Pressemitteilung

11.03.2021

Giftgasangriff auf Halabja (16.3.1988)

Verbrechen als Völkermord anerkennen (Pressemitteilung)

Die Gesellschaft für bedrohte Völker (GfbV) unterstützt den Antrag 19/26562 der Fraktion Die Linke im Deutschen Bundestag. Dieser fordert, die Verbrechen des irakischen Regimes unter Saddam Hussein an den irakischen Kurdinnen und Kurden sowie anderen Bevölkerungsgruppen in den 1980er Jahren als Völkermord anzuerkennen. „Nach unseren Schätzungen sind in den 35 Jahren der Herrschaft Saddam Husseins bis zu 500.000 Menschen im Nord-Irak umgekommen“, berichtet Dr. Kamal Sido, Nahostexperte der GfbV. „Wir fordern bereits seit Jahren, die Verbrechen der sogenannten Anfal-Operation als Genozid einzustufen. Es wird Zeit, dass der Bundestag die nötigen Schritte einleitet.“ Zuletzt hatte die GfbV diese Forderung in einem Menschenrechtsreport mit dem Titel „30 Jahre Halabja – Gerechtigkeit für die Opfer des Völkermordes“ erhoben. Dieser wurde anlässlich des 30. Jahrestages des Giftgasangriffes auf die kurdische Stadt Halabja am 16. März 1988 veröffentlicht. Die Angriffe auf Halabja waren Teil der Anfal-Operation.

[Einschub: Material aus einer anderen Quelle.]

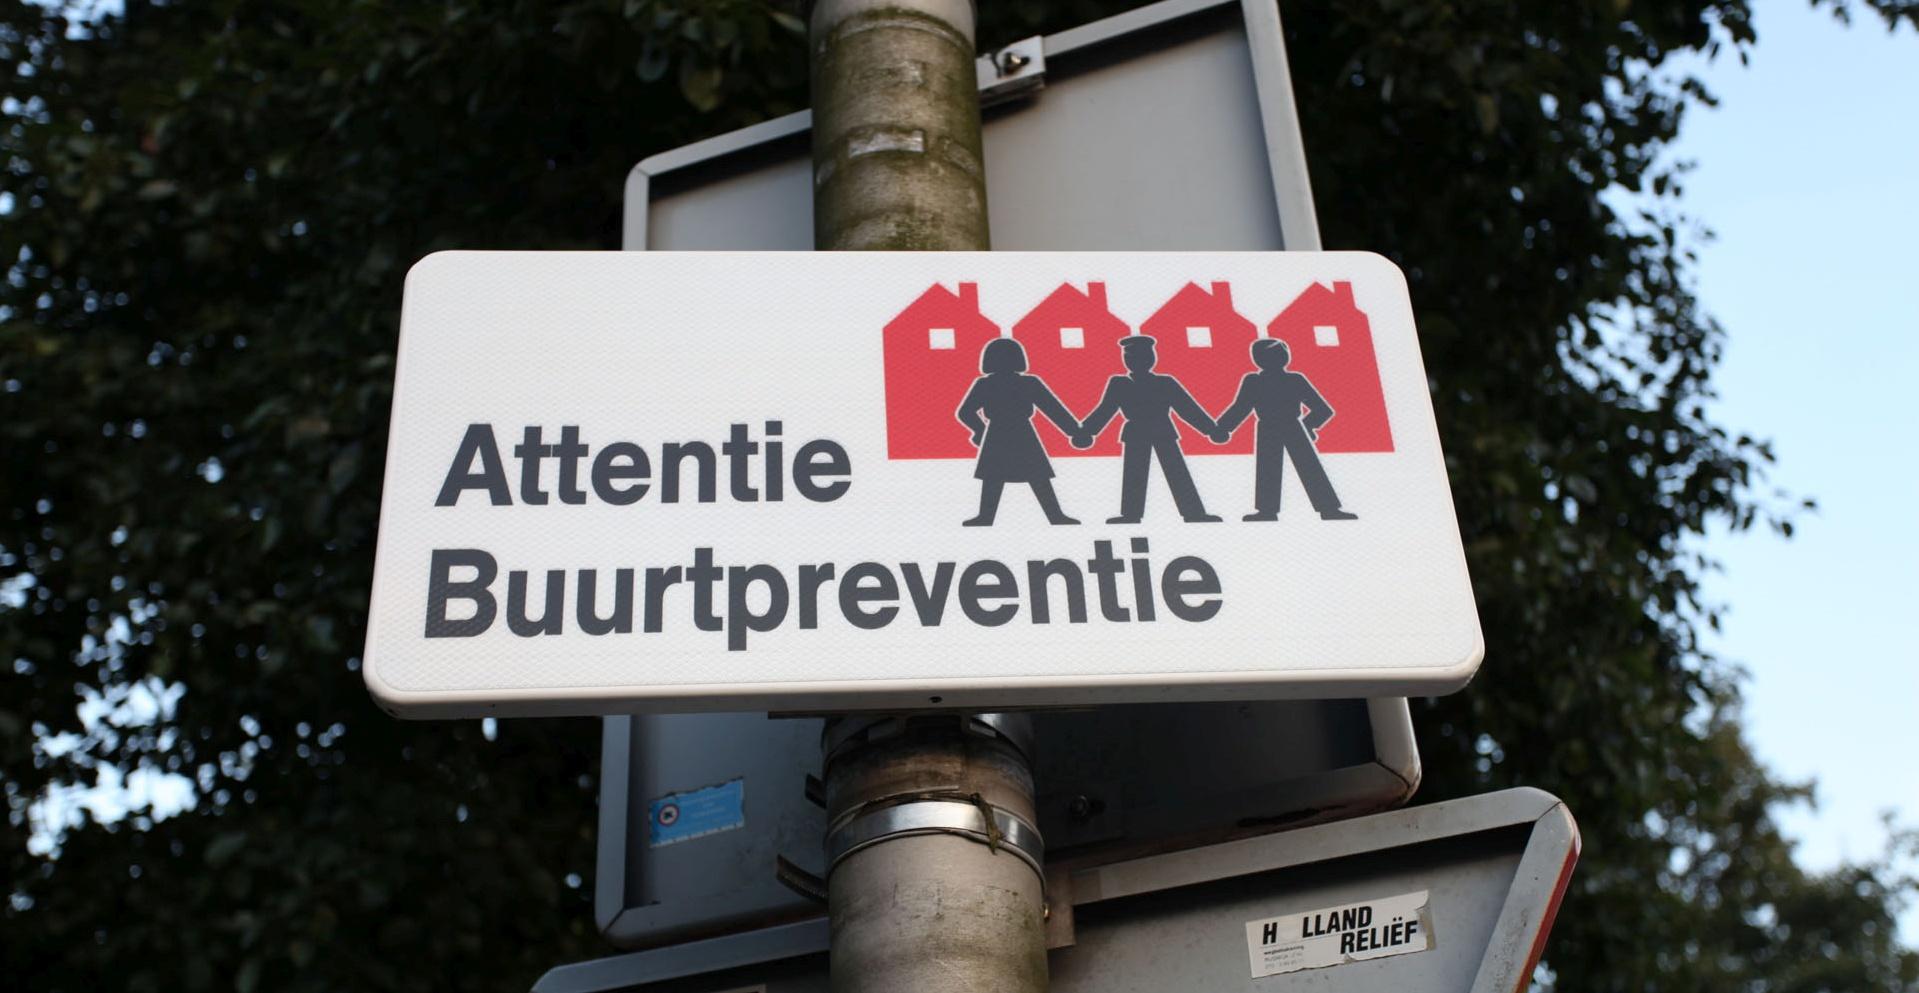 attentie buurtpreventie bord
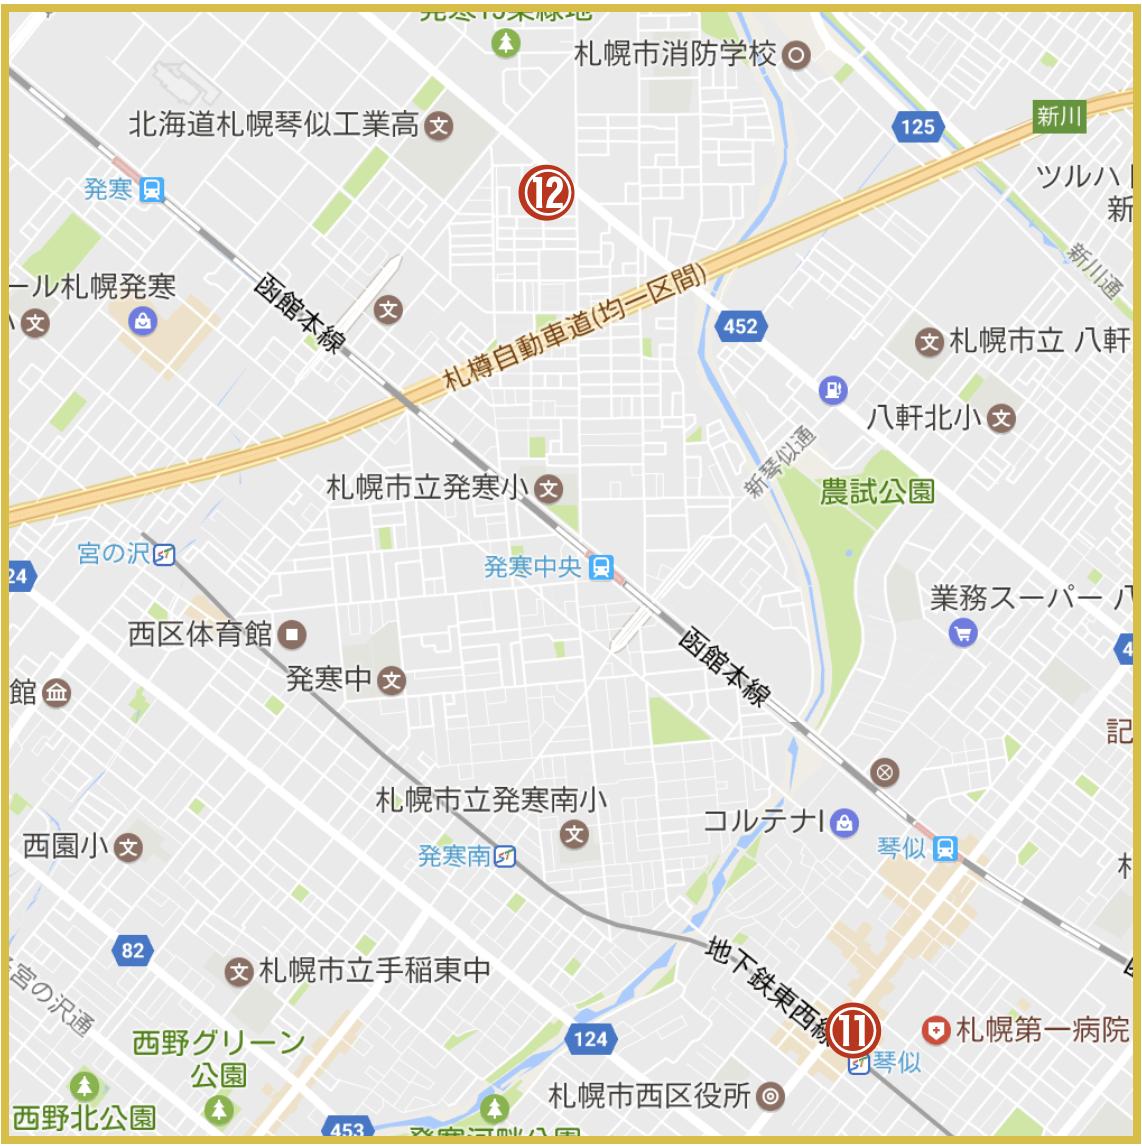 札幌市西区にあるアコム店舗・ATMの位置(2020年7月版)

„Mit der Anfal-Kampagne wollte das irakischen Baath-Regime die in Irakisch-Kurdistan ansässige Bevölkerung vernichten und ihre Wirtschaft und Kultur zerstören“, erinnert Sido. „Sie war ein direkter Angriff auf die kurdische Gesellschaft und ein eindeutiger Verstoß gegen die Konvention zur Verhütung und Bestrafung des Völkermordes von 1948.“ Die größten Operationen dieser Kampagne seien in den Jahren 1987 und 1988 durchgeführt worden. Zwischen dem 23. Februar und dem 6. September 1988 leitete Saddam Husseins Cousin Ali Hassan Al Majid, besser bekannt unter dem Namen „Chemie Ali“, eine umfangreiche Operation gegen das Gebiet der Jaf-Kurden, gegen Qeredag, Germiyan, Qalasewike, Dolizey, Shaqlawa und Rawandoz. Einige Jahre zuvor wurden 8.000 Männer aus Barzan verschleppt und ermordet. Erst nach dem Sturz der Diktatur wurden die Leichen einiger Hundert Barzanis in Massengräbern im Süden des Landes entdeckt.

„Drei Jahre nach Ende der völkerrechtswidrigen Angriffe auf die nordsyrisch-kurdische Region Afrin im März 2018 sehen viele Kurden die politische, militärische und diplomatische Unterstützung an die Türkei als eine Beihilfe zu Kriegs- und Menschenrechtsverbrechen“, erklärt Sido. „Oft werden Parallelen zur Unterstützung Saddam Husseins durch Deutschland in den 1980er Jahren gezogen. Damals trug deutsches Know-how zur Herstellung irakischer Massenvernichtungswaffen bei, bei der Invasion Afrins kamen deutsche Leopard-Panzer zum Einsatz.“ Daraus erwachse eine historische Verantwortung für die Bundesrepublik, diese Menschenrechtsverletzungen in aller Deutlichkeit zu verurteilen. Die GfbV appelliert daher an alle Fraktionen des Deutschen Bundestages, dies von der deutschen Bundesregierung einzufordern.